I’m making a table out of solid Red Oak, flat sawn, 1” thick. It will consist of 3 pieces, 2 will be 40” wide by 30” long, the ends, the middle piece will be 40” wide by 18” long, the leaf piece. It will have supports under it from the sliding mechanism that allows the leaf to be added or removed. Changing the length as needed. The sections will be made up with boards 6-8” wide glued up to get the width needed,
Should I add Bread Board ends to all 3 pieces? Or just to the 2 longer pieces? Or not at all?
If I just did the 2 longer pieces wouldn’t it look funny when the leaf was in?
Would it look odd if I added the Bread Board ends to the leaf as it is so short?
The lengths would not increase if the Bread Board ends are added. I’m thinking the Bread Board ends will help keep the top from warping or twisting. Thanks in advance for your advice.
Replies
Which way are you running the grain on the table? Which way on the leaf?
I am running the boards length wise, the boards will be 30” and 18” long minus the Bread Board if installed.

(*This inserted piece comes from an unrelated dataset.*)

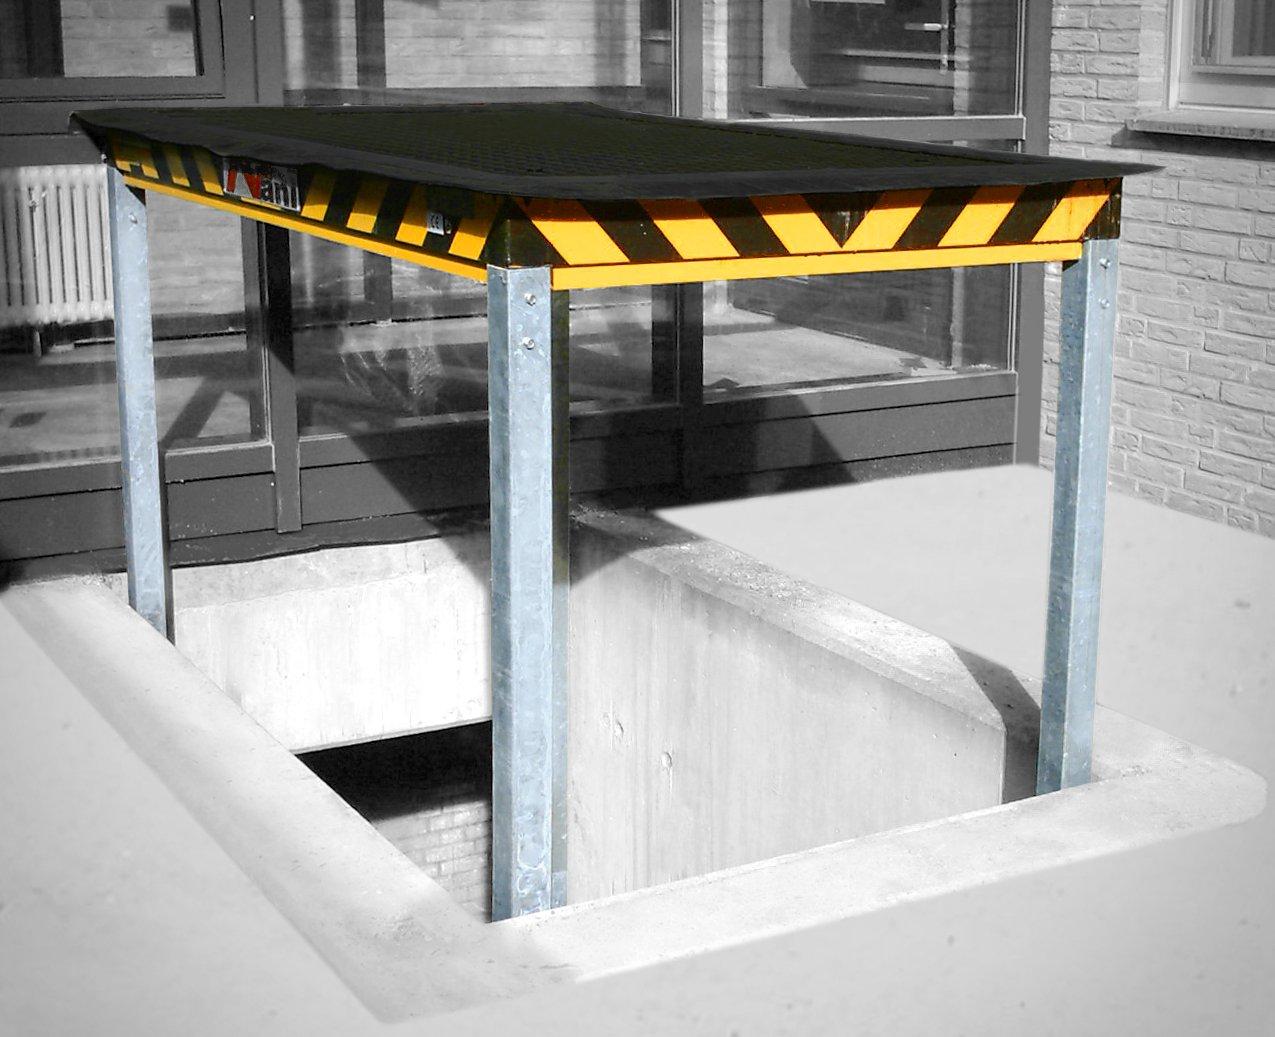 Unterfluraufzug – angebhobene Position

A visual of leaves in that vain. Not sure if this qualifies as a bread board edge, but it has that look. The leaves are 14" each.

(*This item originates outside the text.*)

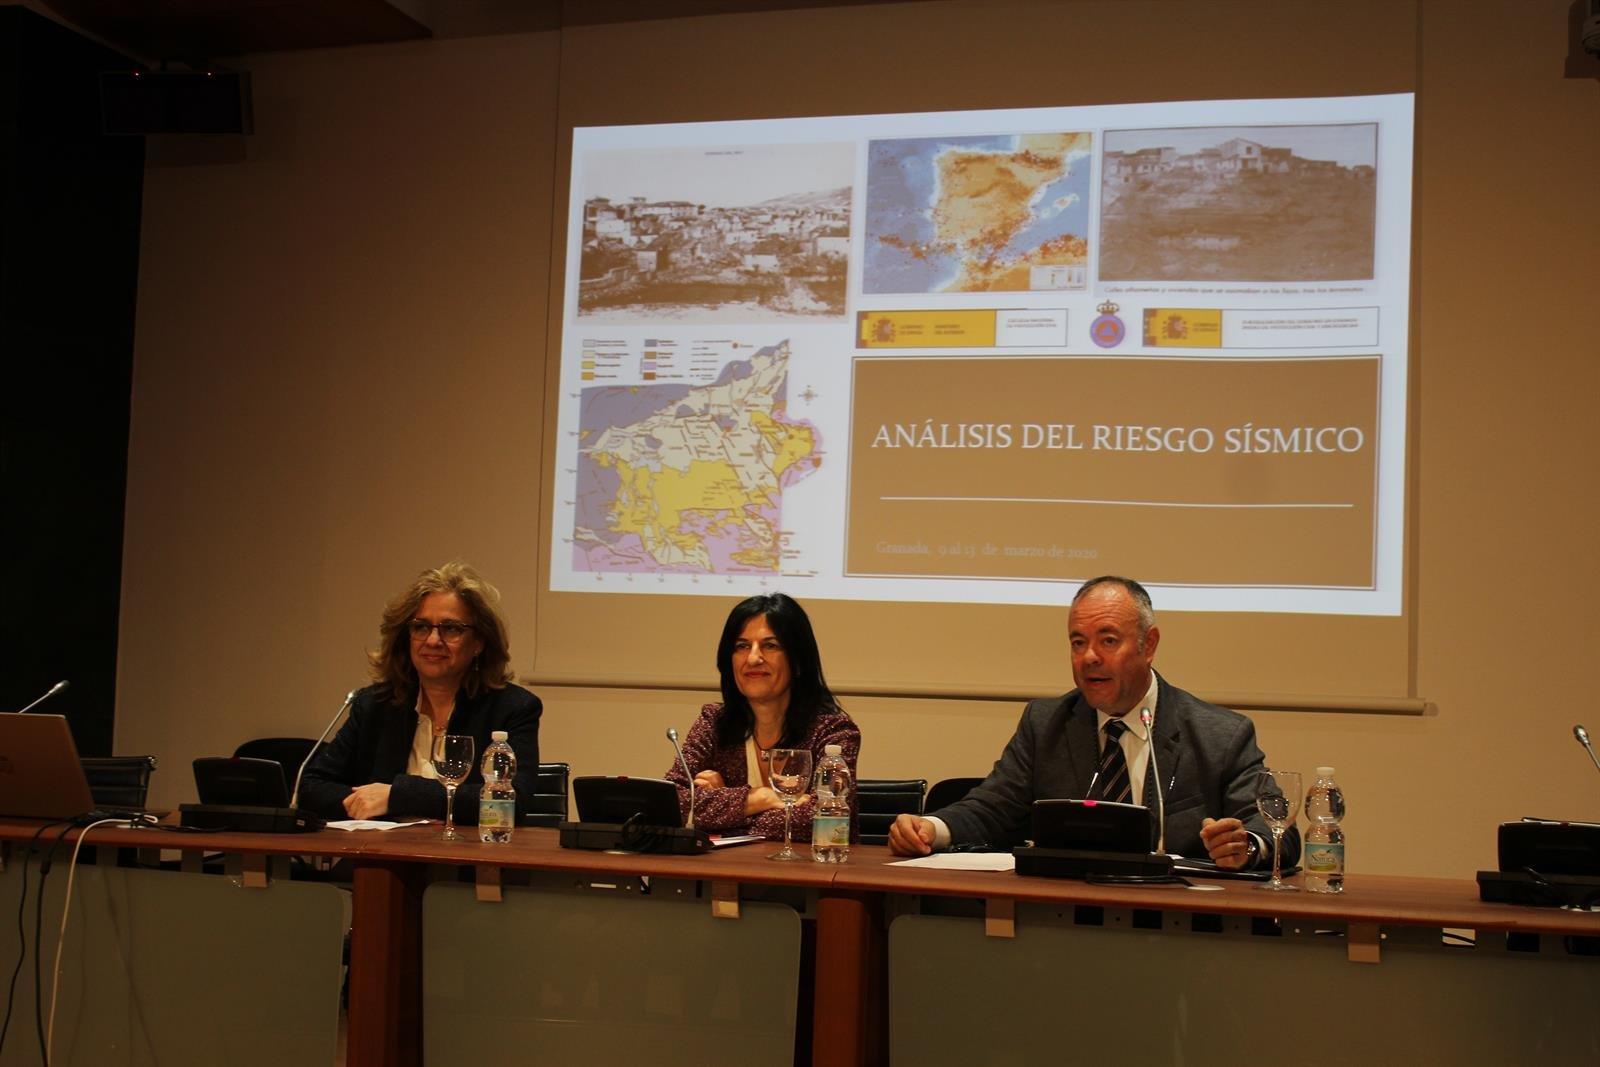 Granada reforzará su preparación para combatir el riesgo sísmico

I like a big table with breadboard ends. If you can grain match the two large sections as continious boards it will look great. If you are only putting in the center leaf occasionally worry more about building it to stay flat in storage than for what it looks like. ...just my opinion.

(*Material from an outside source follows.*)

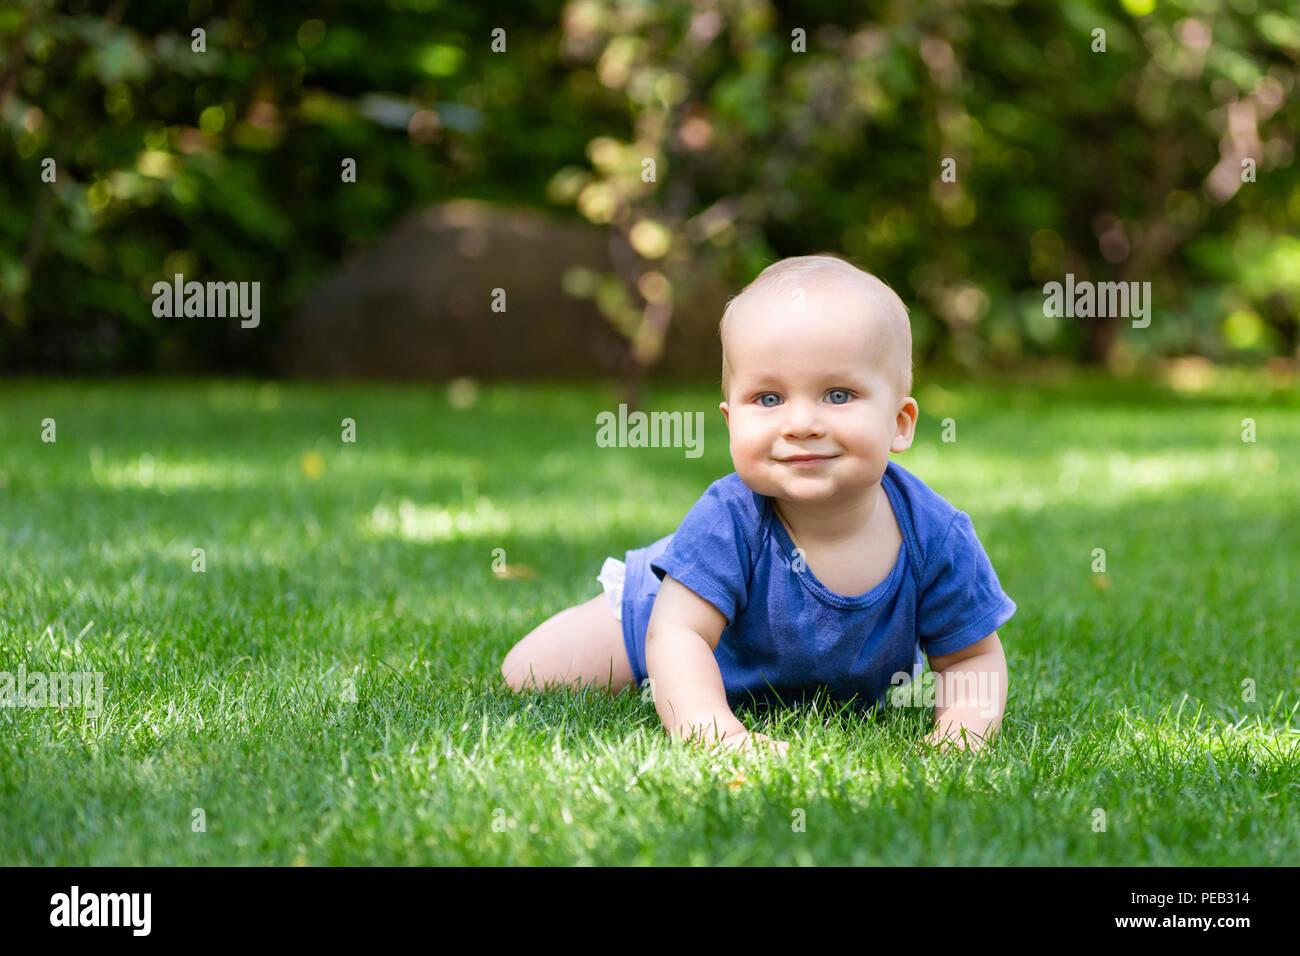 Cute Little Baby Boy rubia arrastrándose sobre césped verde y fresco. Kid divertirse haciendo los primeros pasos en el cortado de césped natural. Concepto de infancia feliz y saludable Imagen De Stock

My experience tells me that you are making a mistake to run the grain the direction you said. In particular, a red oak board 18" long and 40"wide will be very unstable, and prone to breaking if there is ever any force on it. It won't stay flat with seasonal humidity changes, and will likely split if you do try to flatten it out. The other problem is that, depending on the winter vs summer humidity in the table's future environment, it could change width by over 1/2" between summer and winter. I made a red oak end table that was 15" wide, with bread board ends. In the summer the ends were flush; in the winter the breadboard ends projected 1/8" at each end (1/4" total shrinkage.) You are potentially looking at over twice that. And, given that the leaf will be more or less sitting on the extension slides, there won't be any way to keep it flat.
The best way to build the table is to run the grain across the width, and use battens in line with the extension slides to keep it from cupping. Then use matching battens underneath the leaf. You don't say what the leg structure underneath the top will be, but 1" thick red oak (especially if it is nominally 1" and is actually thinner) won't extend all that far without needing support.